Gepubliceerd op 18-08-2020

Wagenschot

betekenis & definitie

Zeer fijn eikenhout, dat voor betimmeringen en voor fijne meubelen gebruikt wordt, en ook als opleghout dienst doet. De mooiste, rechte, regelmatig gegroeide stammen met fijndradig hout worden overlangs door het hart gekloofd.

Dan worden van de half ronde stukken ook de spitse kanten door klooven verwijderd. De stukken, die ongeveer vier Meter lang zijn, worden daarna in planken gezaagd, loodrecht op de vlakke kant. Die planken hebben slechts aan één zijde spint en het hart zit niet in het midden, doch zijdelings. Dit hout is weinig aan trekken onderhevig. De naam geeft het voornaamste gebruik reeds aan, want wagenschot beteekentwandschot(weeg is wand). Wagenschot wordt in ons land niet meer gezaagd.

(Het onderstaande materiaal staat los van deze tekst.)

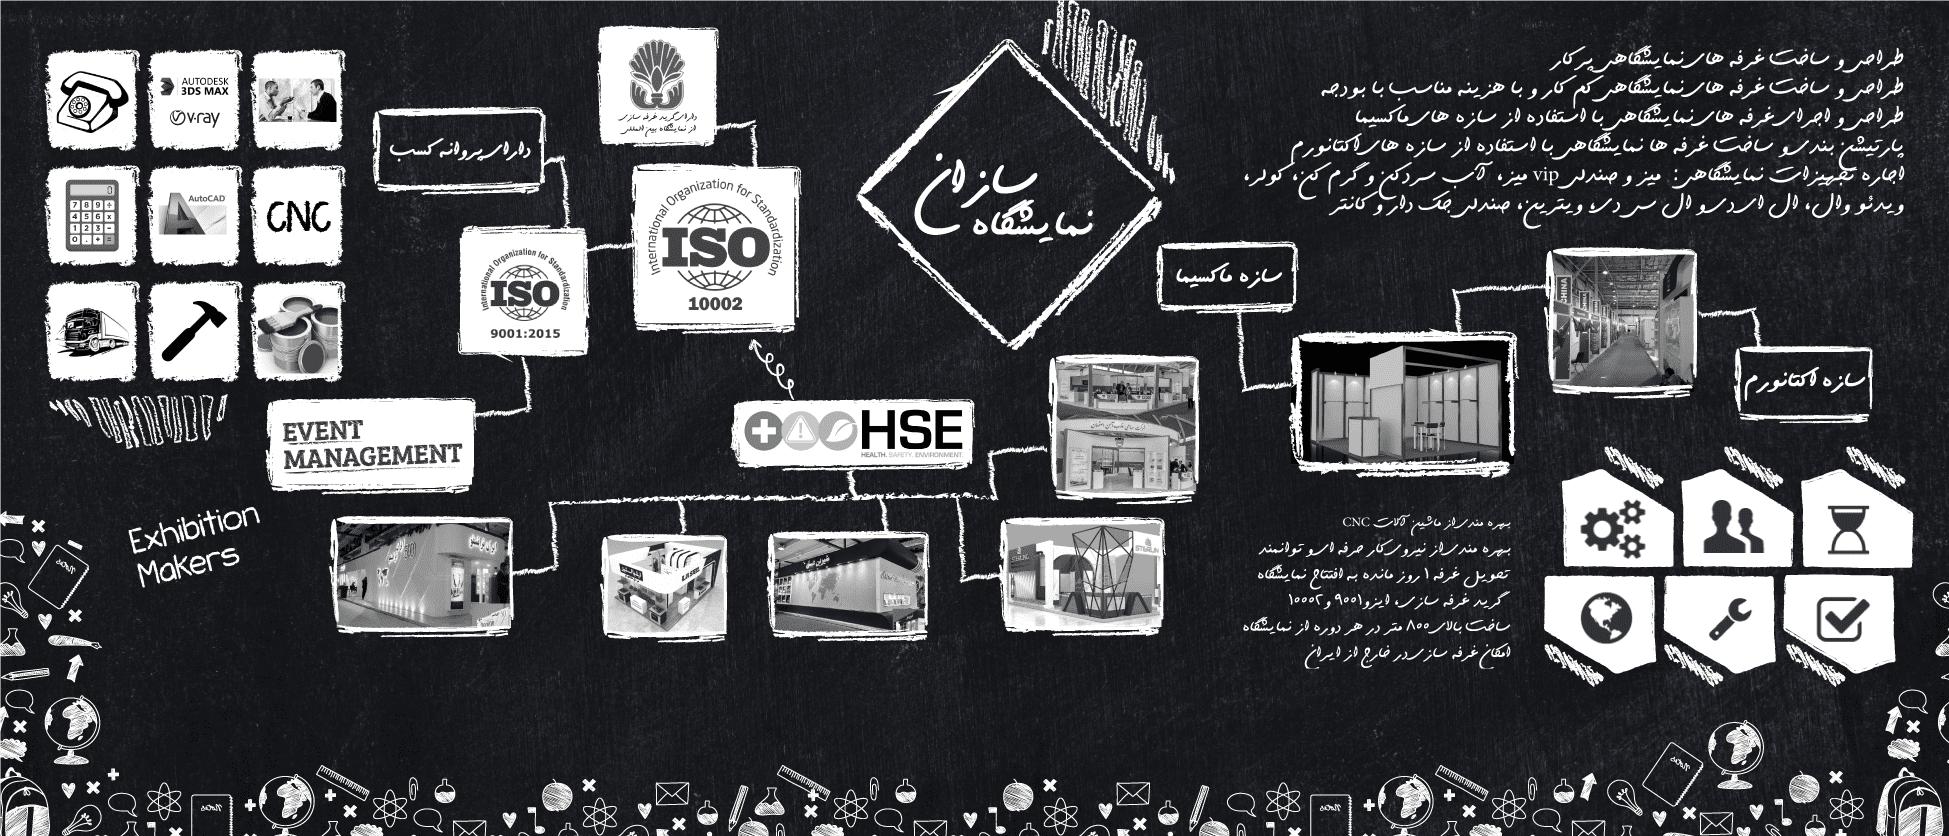 غرفه سازی در یزد – غرفه سازان یزد
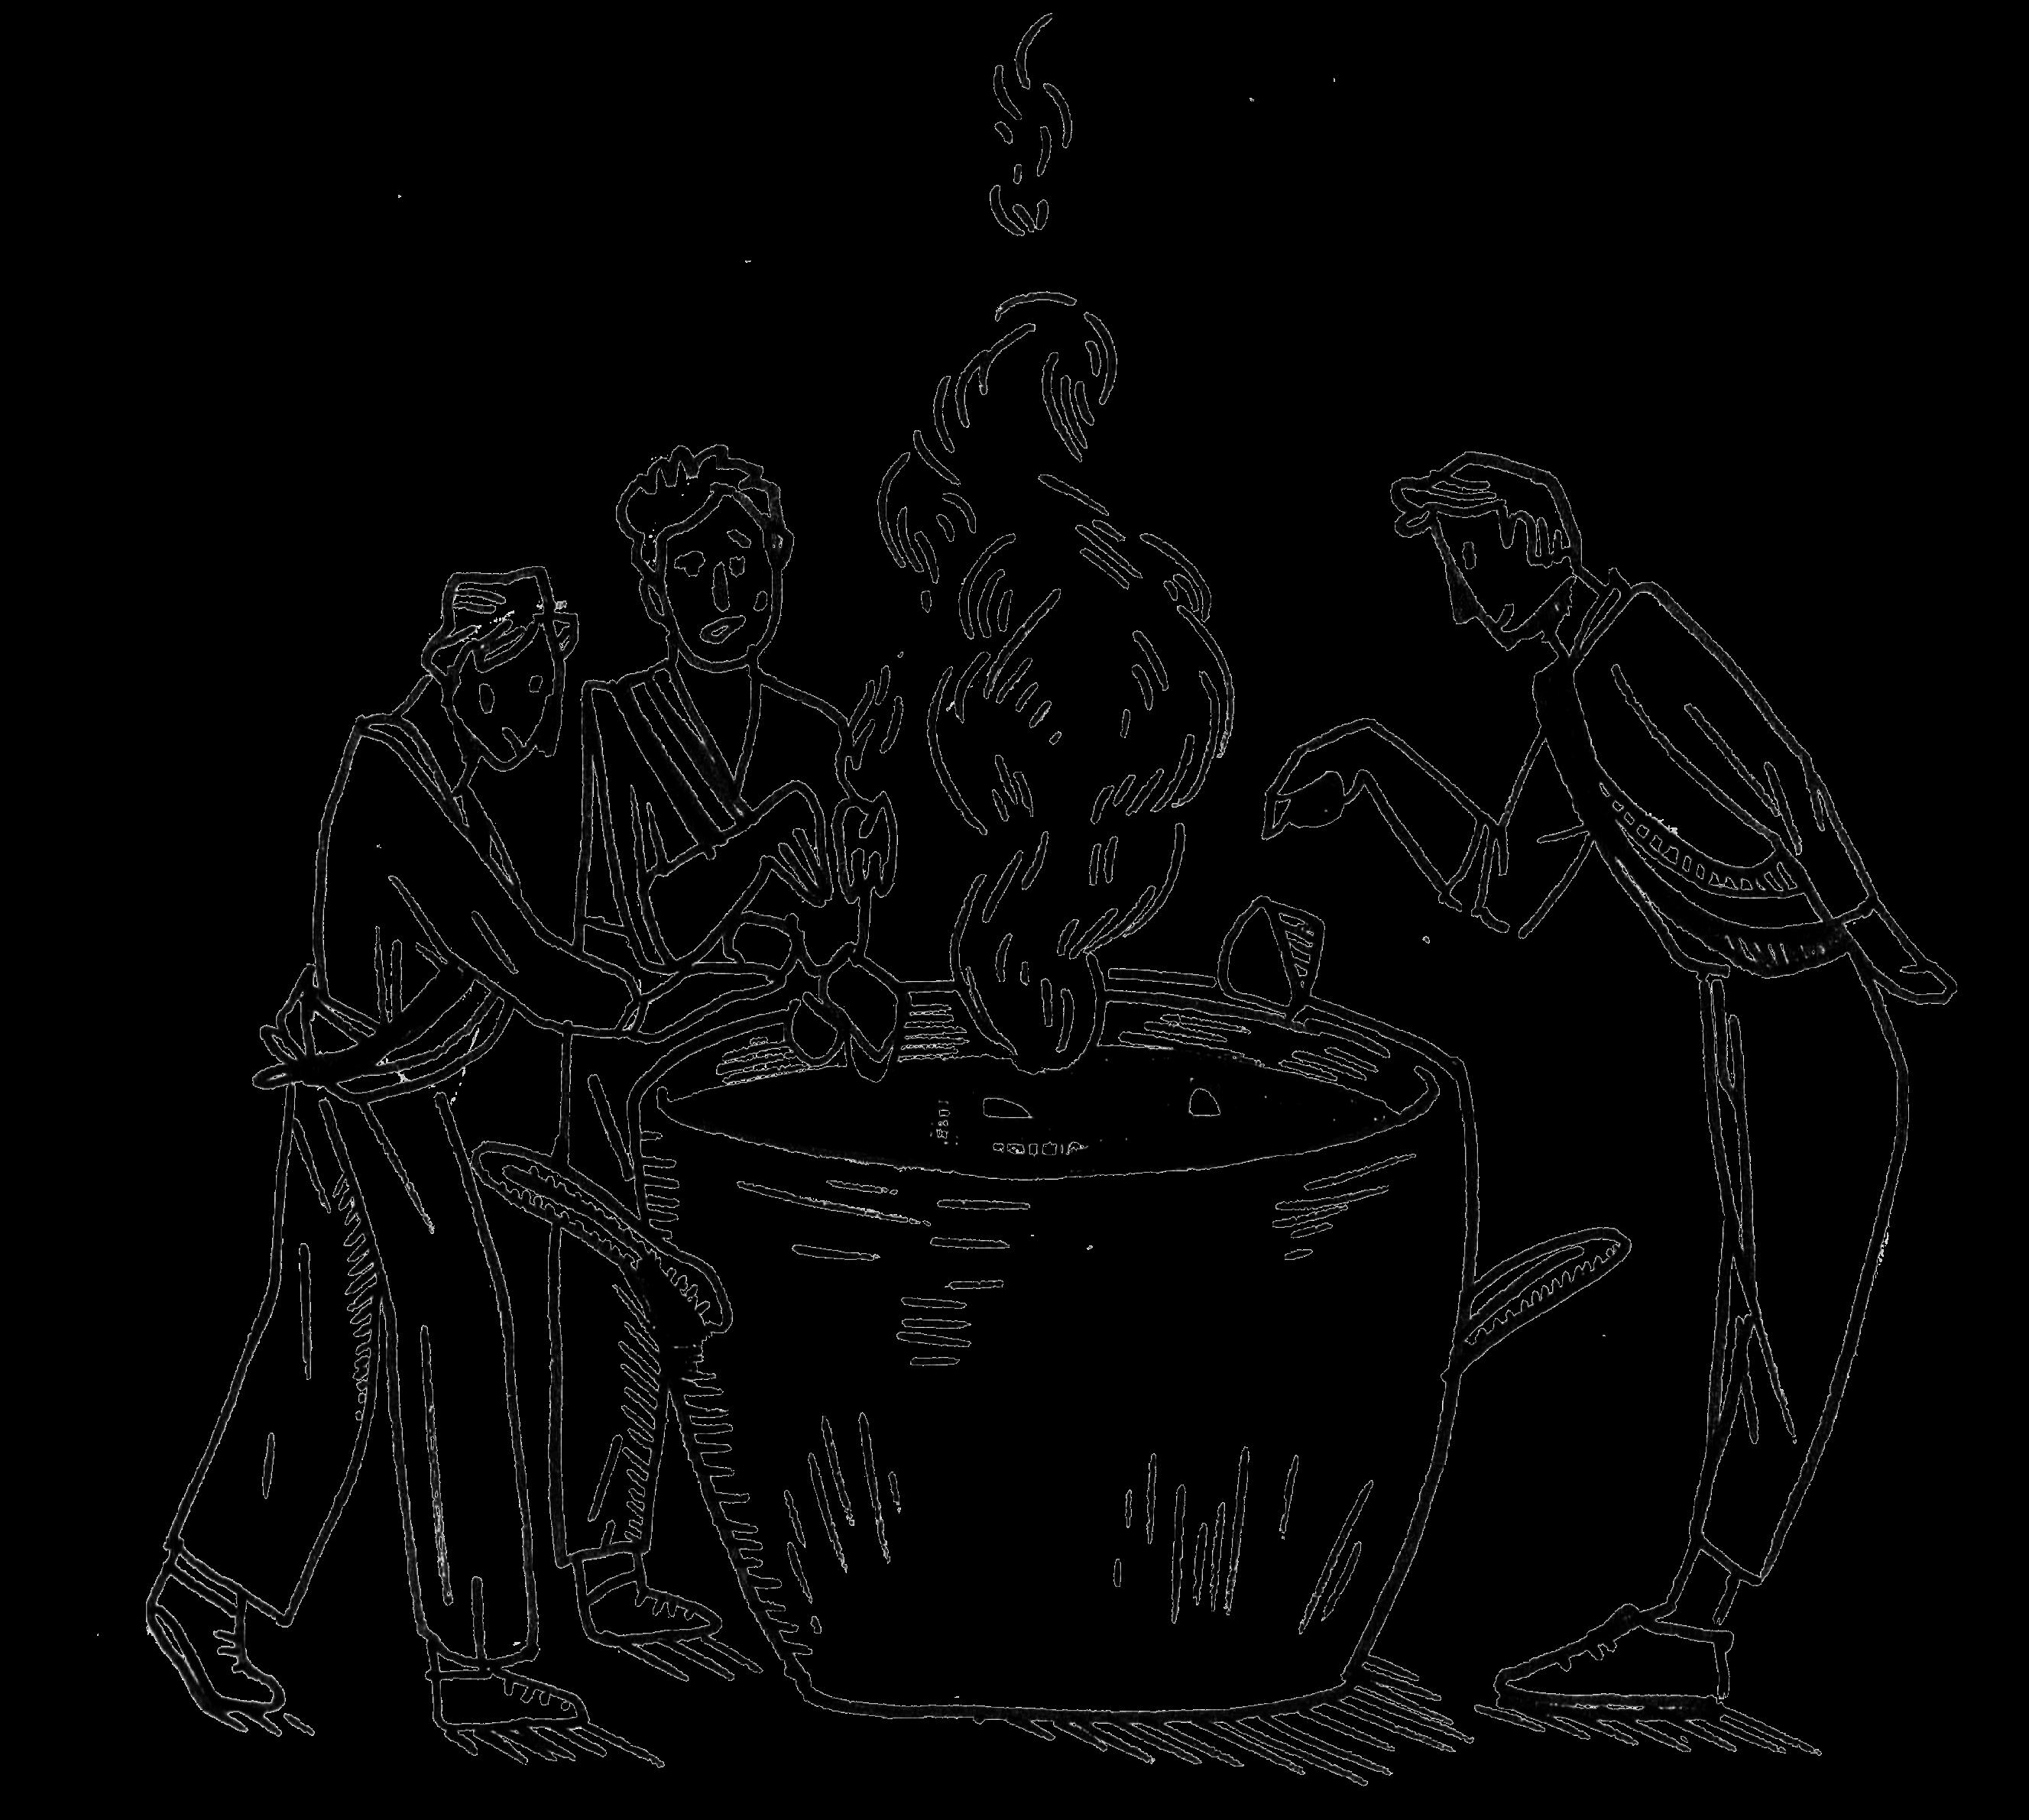 Élus/élues en transition. Onze façons de les accommoder. Programme (Dé)formations

Het hout komt gezaagd uit Riga. Vroeger ringde men de stammen (een ringvormig stuk schors wegnemen), om den boom door uitdroging te laten sterven, voordat men hem velde. De fijnheid van het hout, de rechtdradigheid en de betrekkelijke zachtheid maken, dat het wagenschot beter dan gewoon eikenhout te bewerken is. Kleur en teekening zijn fraai, zoodat het voor blank werk zeer geschikt is. De prijs is ongeveer tweemaal zoo hoog als van gewoon eikenhout (200 gulden tegen 100 gulden de kub Meter). Wrak wagenschot is wagenschot met kwasten.